When executing the program we get these results:



It is clear now, that in our design, details are based upon abstractions. Client classes only deal with these abstractions, and we can "inject" concrete objects that implement such interfaces.

Now, with this design, we can use these buttons in other devices, like in a blender. We define the class Blender as follows.

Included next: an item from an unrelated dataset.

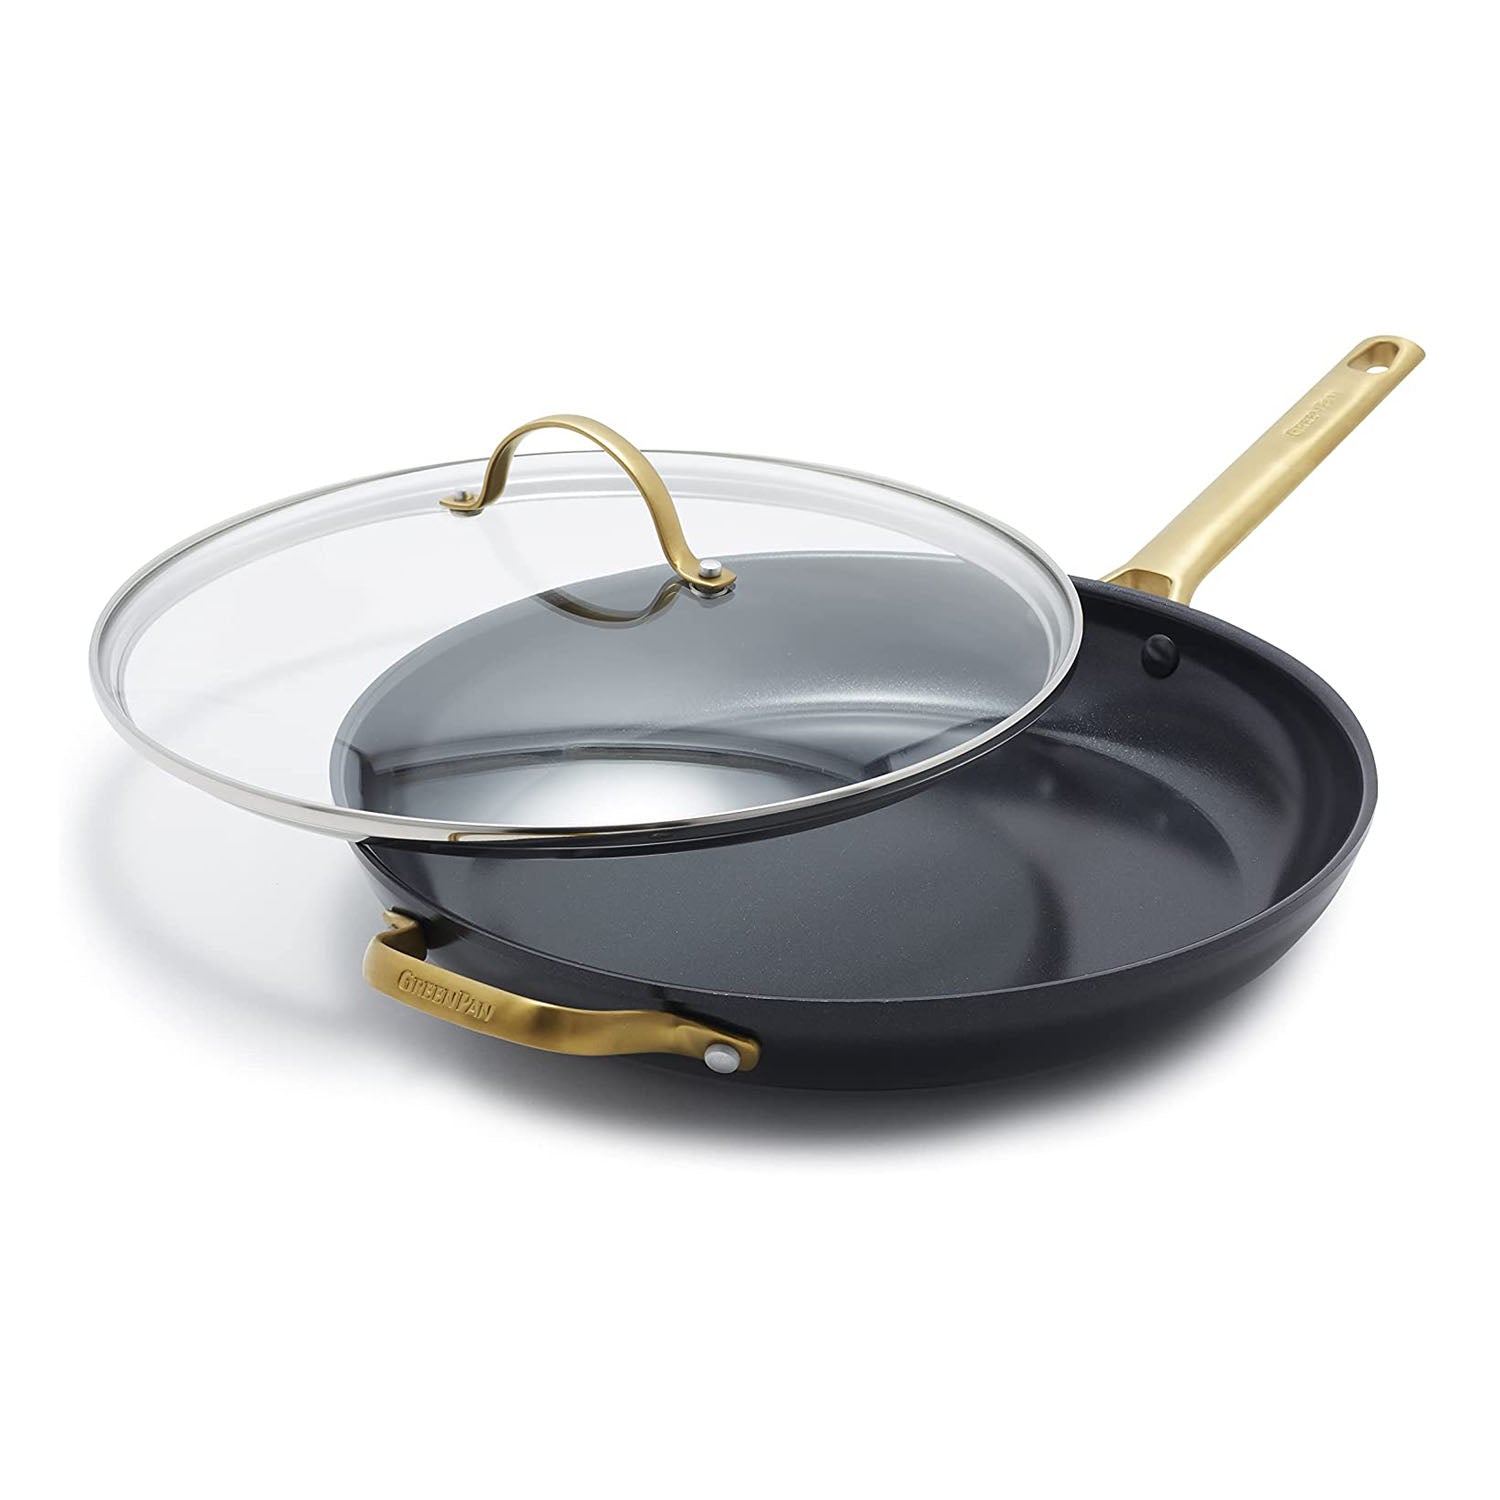 Reserve Ceramic Nonstick 12 Frypan with Lid and Helper Handle, Black

   1:  class Blender : IButtonClient
   2:  {
   3:      public void TurnOn()
   4:      {
   5:          Console.WriteLine("The Blender is ON");
   6:      }
   7:   
   8:      public void TurnOff()
   9:      {
  10:          Console.WriteLine("The Blender is OFF");
  11:      }
  12:  }

In the Program class, we can instantiate Blender objects with our two different kinds of Buttons.

   1:  class Program
   2:  {
   3:      static void Main(string[] args)
   4:      {
   5:          ShowDependencyInversion(new Blender()
   6:              , new SquaredButton());
   7:          Console.WriteLine();
   8:   
   9:          ShowDependencyInversion(new Blender()
  10:              , new PyrotechnicButton());
  11:          Console.ReadLine();
  12:      }
  13:   
  14:      public static void ShowDependencyInversion(
  15:          IButtonClient buttonClient, IButton button)
  16:      {
  17:          button.ButtonClient = buttonClient;
  18:          button.Push();
  19:          button.Push();
  20:      }
  21:  }

When we execute the program we have the following results.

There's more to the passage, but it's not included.